Медынская не возбуждала в юноше чувственного влечения, в ней не было ничего похожего на Палагею, и вообще она была непонятна ему. Он знал, что про нее рассказывают зазорно, но этому не верил. Однако он изменил отношение к ней, когда увидал ее в коляске сидящей рядом с толстым барином в серой шляпе и с длинными косичками волос на плечах. Лицо у него было, как пузырь, — красное, надутое; ни усов, ни бороды не было на нем, и весь этот человек был похож на переодетую женщину… Фоме сказали, что это ее муж… Тогда в нем вспыхнули темные и противоречивые чувства: ему захотелось обидеть архитектора, и в то же время он почувствовал зависть и уважение к нему.
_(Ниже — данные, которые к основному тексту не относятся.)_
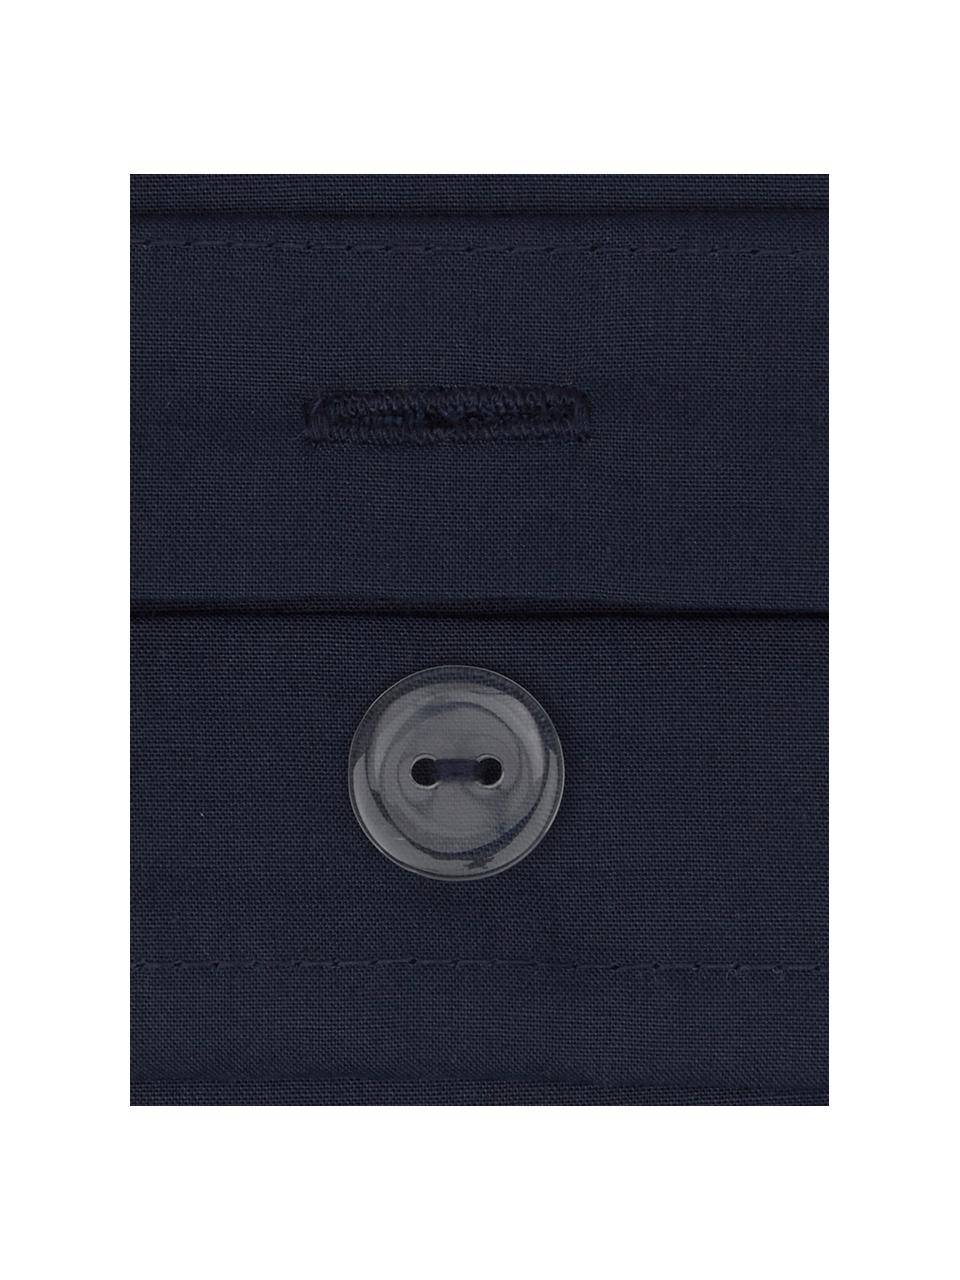 Parure copripiumino in percalle Elsie, Tessuto: percalle Densità del filo, Blu scuro, Larg. 255 x Lung. 200 cm, 3 pz

Медынская показалась менее красивой и более доступной; ему стало жаль ее, и все-таки он злорадно подумал:

«Противно ей, должно быть, когда он ее целует…»

И за всем этим он, порою, ощущал в себе какую-то бездонную, томительную пустоту, которой не заполняли ни впечатления истекшего дня, ни воспоминания о давних; и биржа, и дела, и думы о Медынской — всё поглощалось этой пустотой… Его тревожила она: в темной глубине ее он подозревал притаившееся существование какой-то враждебной ему силы, пока еще бесформенной, но уже осторожно и настойчиво стремившейся воплотиться…

А между тем Игнат, мало изменяясь по внешности, становился всё более беспокойным, ворчливым и всё чаще жаловался на недомоганье.

— Сон я потерял… бывало, дрыхну — хоть кожу с меня сдери, не услышу! А теперь ворочаюсь, ворочаюсь с бока на бок, едва под утро усну… Сердце бьется неровно, то как загнанное, часто так — тук-тук-тук… а то вдруг замрет, кажись, вот сейчас оторвется да и упадет куда-то, в недра самые… Помилуй мя, боже, по велицей милости твоей!..

И, покаянно вздыхая, он поднимал к небу глаза, уже мутные, утратившие живой, умный блеск.